5. Model Construction

These are preparations to SE, for example, we modify the model.pyloaded part of the model file, and modify the code forward part of the function, let it function properly:

In model.pythe create_modulesfunction, add:

        elif mdef['type'] == 'se':
            modules.add_module(
                'se_module',
                SELayer(output_filters[-1], reduction=int(mdef['reduction'])))
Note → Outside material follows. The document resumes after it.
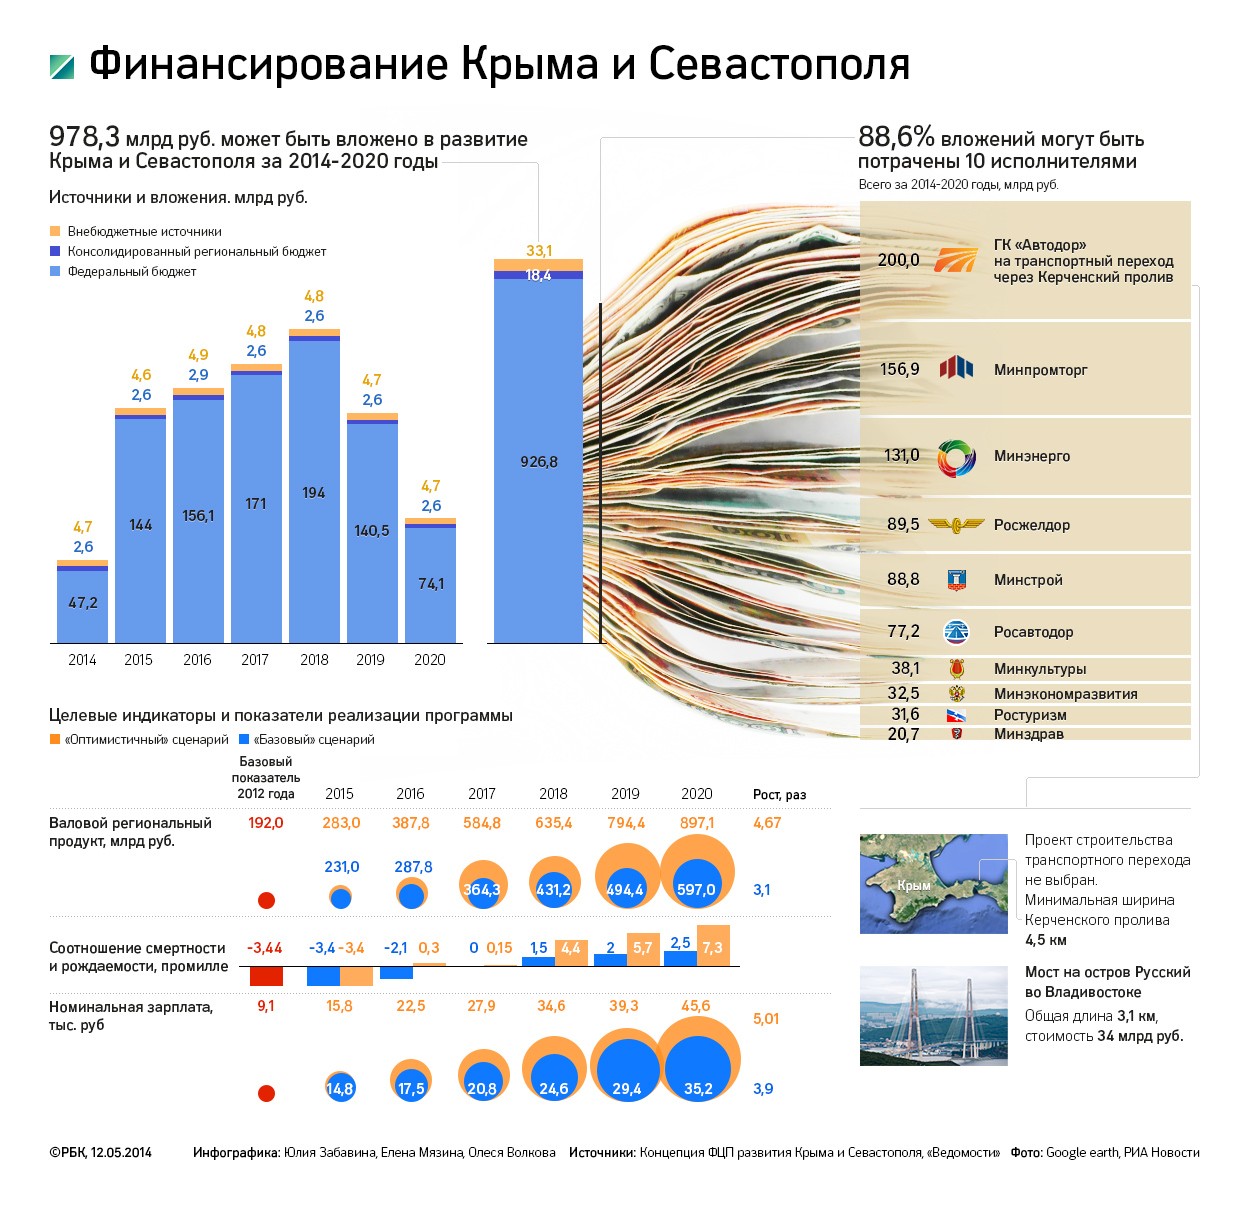 Расследование РБК: кому принадлежат курорты Крыма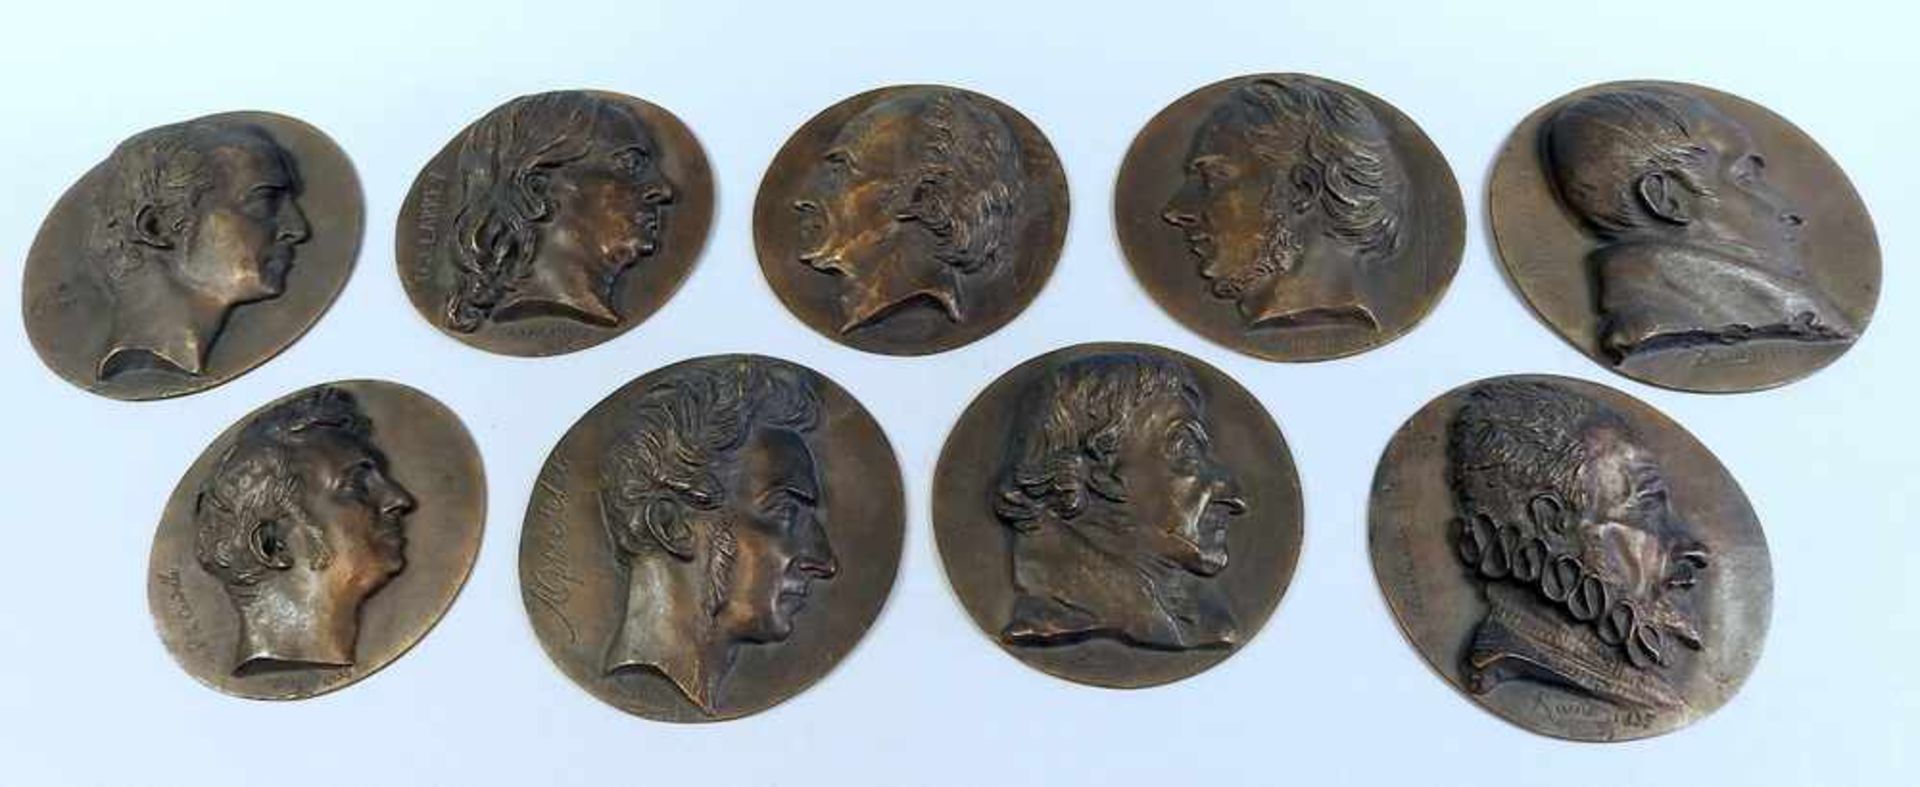 Pierre Jean David d'Angers, 1788 Angers - 1856 Paris 9 Bronzemedaillen mit Profilen von

Then modify the function in the forward portion Darknet:

def forward(self, x, var=None):
    img_size = x.shape[-2:]
    layer_outputs = []
    output = []

    for i, (mdef,
            module) in enumerate(zip(self.module_defs, self.module_list)):
        mtype = mdef['type']
        if mtype in ['convolutional', 'upsample', 'maxpool']:
            x = module(x)
        elif mtype == 'route':
            layers = [int(x) for x in mdef['layers'].split(',')]
            if len(layers) == 1:
                x = layer_outputs[layers[0]]
            else:
                try:
                    x = torch.cat([layer_outputs[i] for i in layers], 1)
                except:  # apply stride 2 for darknet reorg layer
                    layer_outputs[layers[1]] = F.interpolate(
                        layer_outputs[layers[1]], scale_factor=[0.5, 0.5])
                    x = torch.cat([layer_outputs[i] for i in layers], 1)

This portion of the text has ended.